The third proviso of sub-section (2A) of section 255 of the Act which curtailed the powers of the ITAT to grant stay beyond a period of 365 days was considered by the Jurisdictional High Court in Pepsi Foods Pvt.Ltd.(cited supra). After taking into consideration the decision rendered in the case of Maruti Suzuki India  44 taxman.com.166 (Del.) it was held that the Division Bench of the High Court in the case of Maruti Suzuki’s was not called upon to examine the Constitutional validity of the third proviso to Section 254(2A) of the said Act and the said issue had been left open. Thus examining the amendment carried out by the Finance Act, 2008 in the third proviso which introduced the words “even if the delay in disposing of the appeal is not attributable to the assessee” the Jurisdictional High Court held that the Legislature created a “hostile discrimination” against those assessees who are law abiding and did not cause any delay in their respective appeals by putting them in the same category as those who have delayed the hearing after having obtained the stay. Holding the Amendment carried out by the Finance Act 2008 as violating the non-discrimination clause of Article 14 of the Constitution of India, the third proviso was struck down and the second proviso was read down.

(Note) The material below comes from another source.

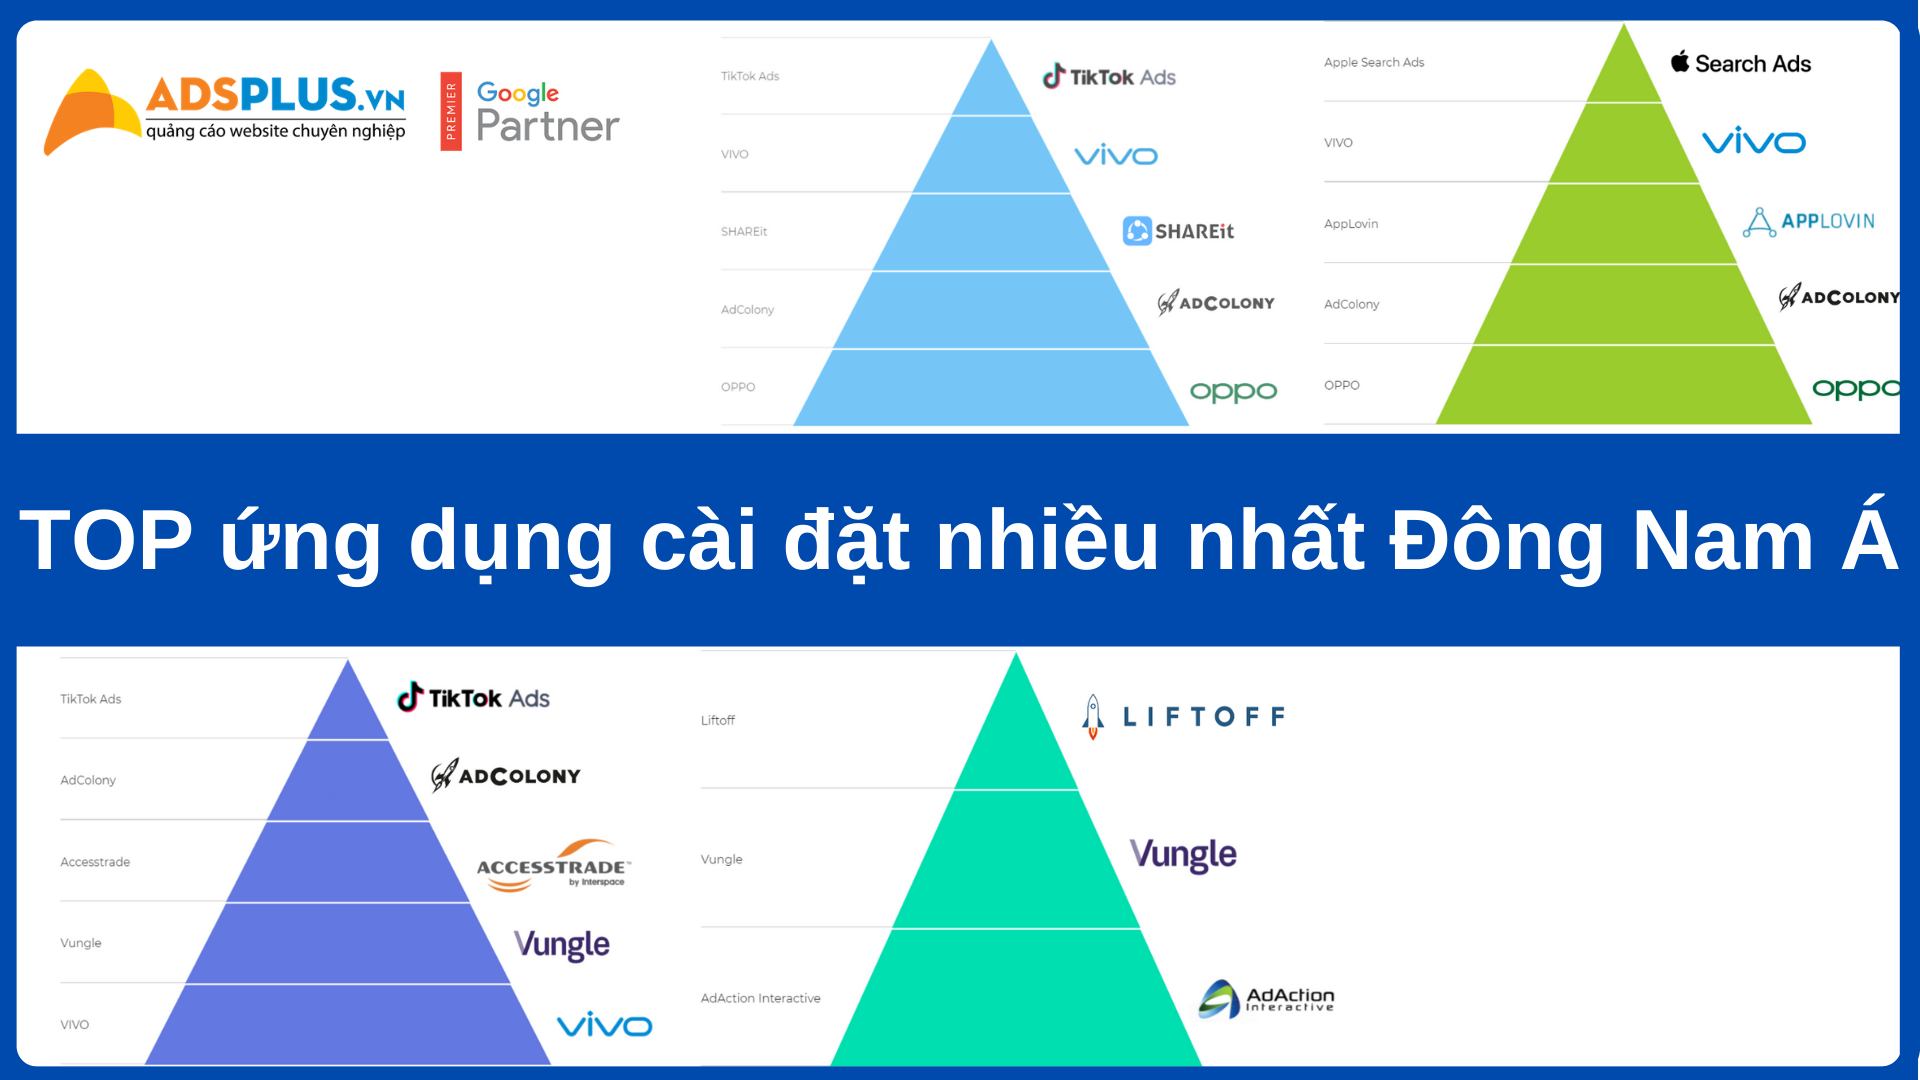 Top ứng dụng cài đặt nhiều nhất Đông Nam Á

We also draw support from the decision taken by the Tribunal in ITA No.750/Del/2015 in the case of M/s Sun Life India Service Centre Pvt. Ltd. vs DCIT dated 18.03.2016 in SA No.-138/Del/2016.

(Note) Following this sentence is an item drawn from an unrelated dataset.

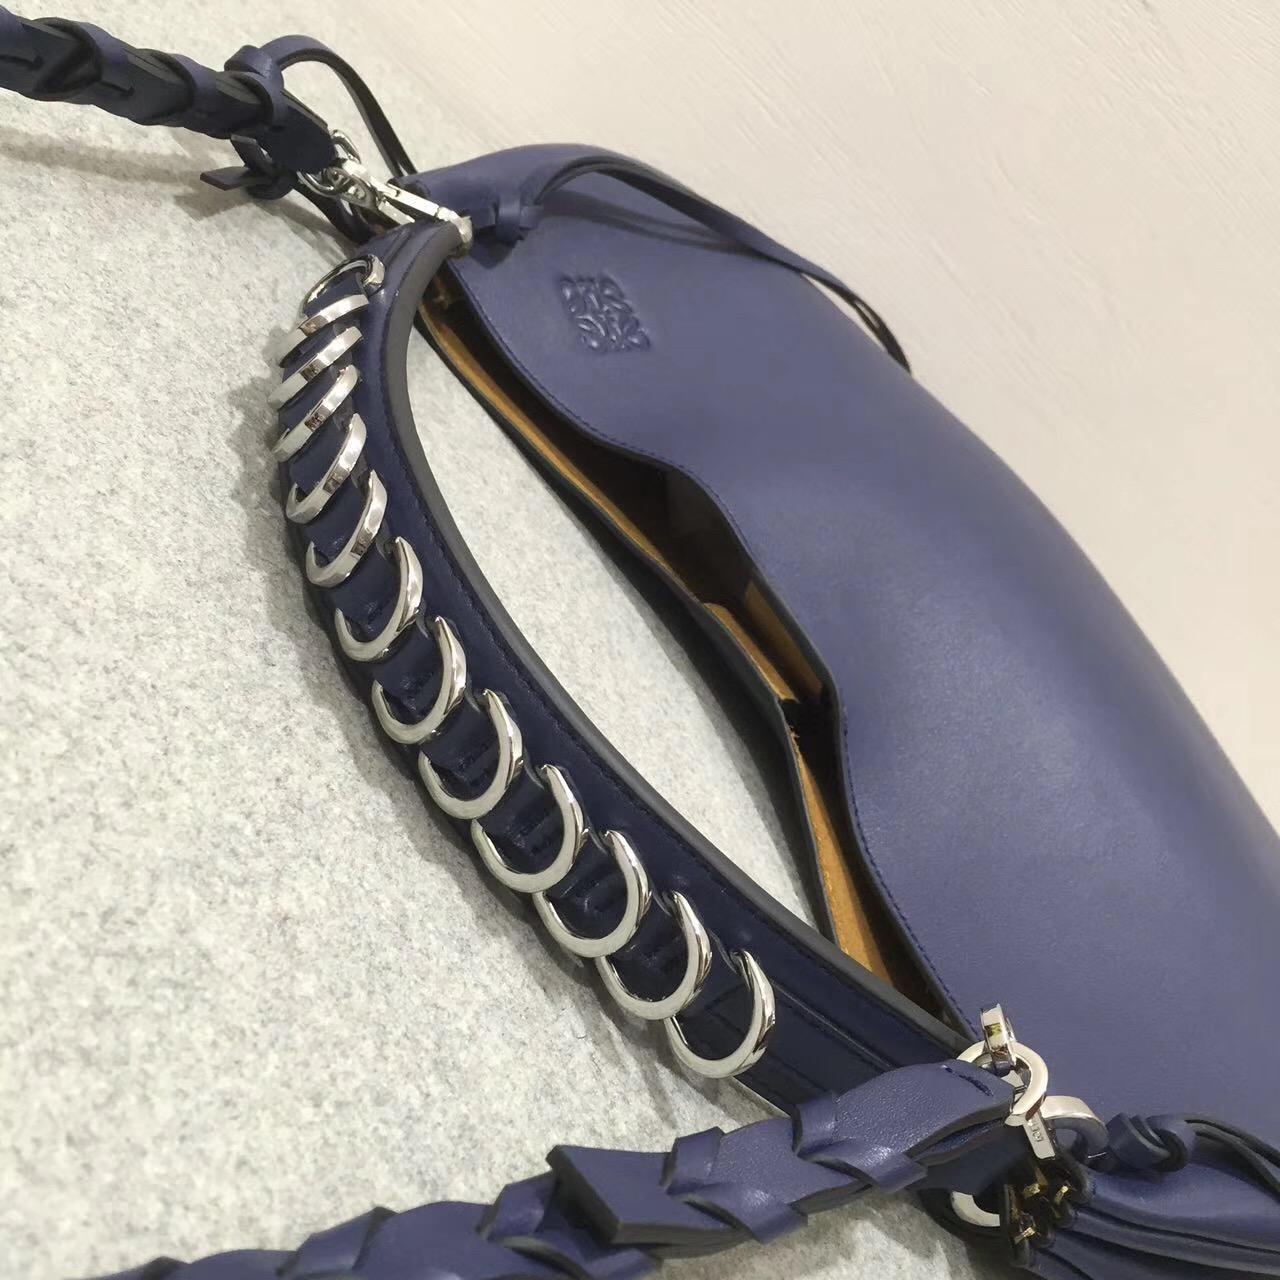 羅意威 Loewe Fortune hobo bag系列限量版半月包海军蓝色 細紋小牛皮 內襯鹿皮

Considering the above legal precedent, we hold that in deserving cases, the ITAT is empowered to extend stay beyond 365 days. We thus proceed to consider the facts of the present case.
we find from the record that except for seeking an adjournment on 24.11.2015 on all the other dates the appeal has been adjourned on the request of the Revenue. The circumstances which led the assessee to seek an adjournment on 24.11.2015 can be best addressed in assessee’s own version by referring to the application on record as it can throw light on the conduct of the assessee which is under consideration. A perusal of the record shows that in the adjournment petition dated 24.11.2015, the reason cited for pleading inability to be present is stated that “I submit that I am unable to attend the proceedings before your honors for the above captioned appeal due to my preoccupation with an appeal before the Hon’ble Chennai ITAT, “D” Bench (KOB Medical Textiles Pvt.Ltd-ITA No.855/CHNY/2015).”
On considering the said petition, we are of the view that the duty, responsibility and the obligation of the assessee to address the issues in the stay granted appeal stood discharged on 03.09.2015 as on the said date the hearing stood concluded. Thereafter, we hold that there was no onus whatsoever placed upon the assessee to ensure the availability of his counsel on 24.11.2015. The need and necessity to do so arose only on account of the fact that the Co-ordinate Bench deemed it necessary to re-fix the appeal for clarification vide the aforeextracted order dated 05.11.2011. The onus and responsibility to ensure representation arose only on receiving the order dated 05.11.2015. There is nothing on record to show when the order was communicated to the assessee. In the circumstances, we find that the conduct of the Ld.AR on behalf of the assessee in moving the afore-said request seeking time on 24.11.2015 was bonafide and reasonable. The said adjournment request pleading time cannot in these circumstances lead to construing that the assessee is delaying the hearing. Being satisfied by the conduct of the assessee evidencing from record, we find that delay in deciding the appeal cannot be attributed to the assessee.